Psychics, Clairvoyants
and Prophets
By James Donahue
As we read through various
articles about the contemporary “psychic” phenomenon, most penned by journalists lacking much knowledge about
their subject, there is a realization that people are confused as to what right-brain functioning is all about.
When we read stories
about psychics, the writers often expect these people to have clear visions of future events, something very rare, indeed.
While we all have heard stories about people who have strange intuitions and refuse to board a doomed ship or aircraft, these
are not true prophetic visions, but rather they are a sense of foreboding that is our inner-self warning us of looming danger.
The true prophetic vision
is achieved only by a prophet, and throughout history, these gifted people have been few and far between. Indeed, many would-be
“prophets” have crawled from the woodwork in recent years, all of them issuing warnings of the “end times”
events that they say they see coming upon us. The Internet is filled with their web sites, many of them promoting the sale
of books that claim to be filled with details of visions of apocalyptic events.
Many of these writers
are basing their prophetic visions on interpretations of Bible prophecy, and all of that was written thousands of years ago.

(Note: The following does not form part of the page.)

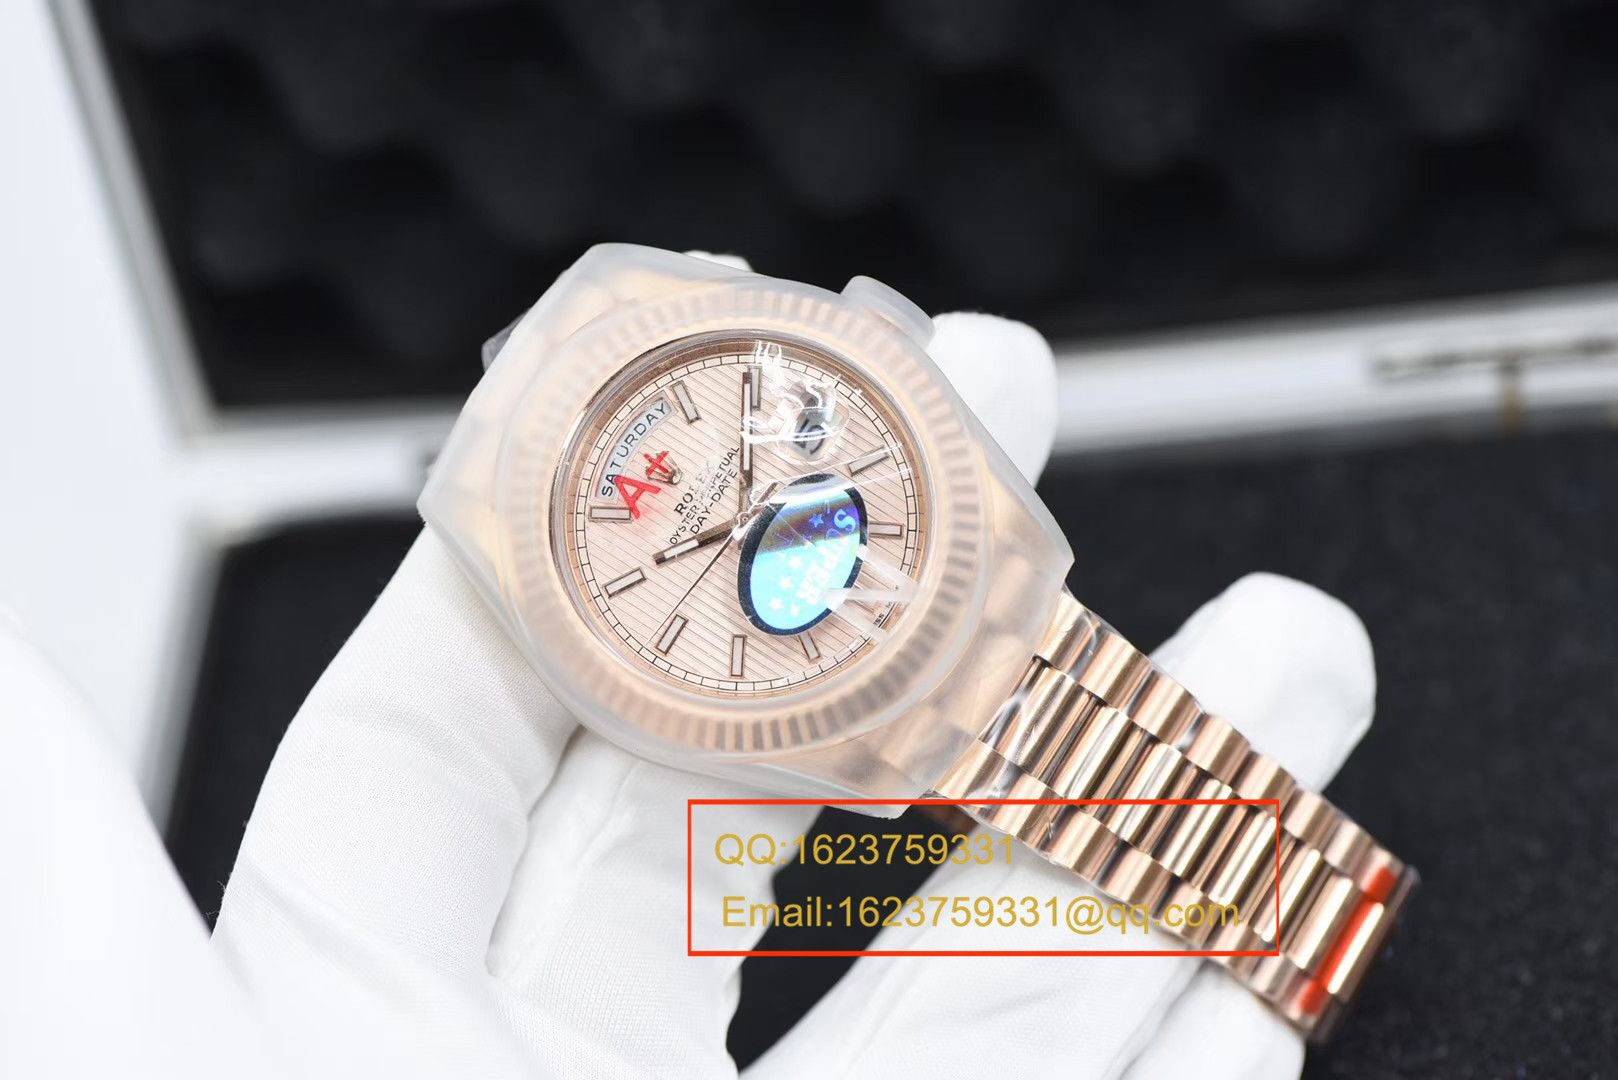 【视频评测N一比一超A高仿手表】劳力士星期日历型Day Date系列228235-83415腕表 / RBE188

Those visions, by real prophets in their day, are vague because the “seer” failed to recognize what he or she
was looking at. It would be like picking those people up from the time in which they lived, and plunking them down for a few
brief moments in the heart of a modern city and expecting them to understand what they were looking at.
Then there are the map-makers,
people like Gordon-Michael Scallion, Lori Toye, Aron and Doris Abrahamsen, and Mary Summer Rain who claim to have had visions,
or talked to someone who had such visions of the United States following some great future
catastrophic event. All appear to show less land and much more water, which appears to be coming true because of the melting
of the polar ice caps.
Of these, Mary Summer
Rain’s prophetic book, Phoenix Rising, based upon interviews with a blind native American woman named No Eyes, who looked
upon the world with her third eye, appear to already be coming startlingly true. No Eyes told of labor strife, of nuclear
power plant disasters, and other events marking the future of the United
States.
All of the contemporary
“prophets,” however, are yet to be proven as true visionaries of future events. The maps, for example, predict
that major portions of the United States
will just sink down into the sea, much as Atlantis was said to have been lost in the ancient past.
There is a difference
between a prophet and a psychic. A prophet is capable of predicting future events with great accuracy. The last known prophet
was the French physician Nostradamus, who foretold of the death of kings, and many believe he saw far into the future and
that his poems, published in the 16th century, described current events.
There have been many
lesser-known prophets, people who rise up from common stock, who have made startlingly accurate predictions about future events,
yet never gained fame nor fortune because of what they saw. Such a man, Matthias Stormberger, a German cow herder who lived
in the early 19th Century, accurately described the looming world wars and some catastrophic events that may yet
be ahead of us. We expect to present his story in the near future.
The psychic, on the other
hand, is identified as a clairvoyant, or a person who has visions about things that are secret and out of view. A wonderful
example of a psychic was Edgar Cayce, who found cures for a wide variety of illnesses, interpreted dreams, spoke of philosophy
and reincarnation, and wrote volumes about the visions he experienced while he slept.
There are many people
claiming to have psychic powers that range from accurate tarot readings and palm readings, to dreams, mental visions and remote
viewing. Some of these people possess real gifts, but many of them are con artists out to get your money. Beware the psychic
that charges for his or her information.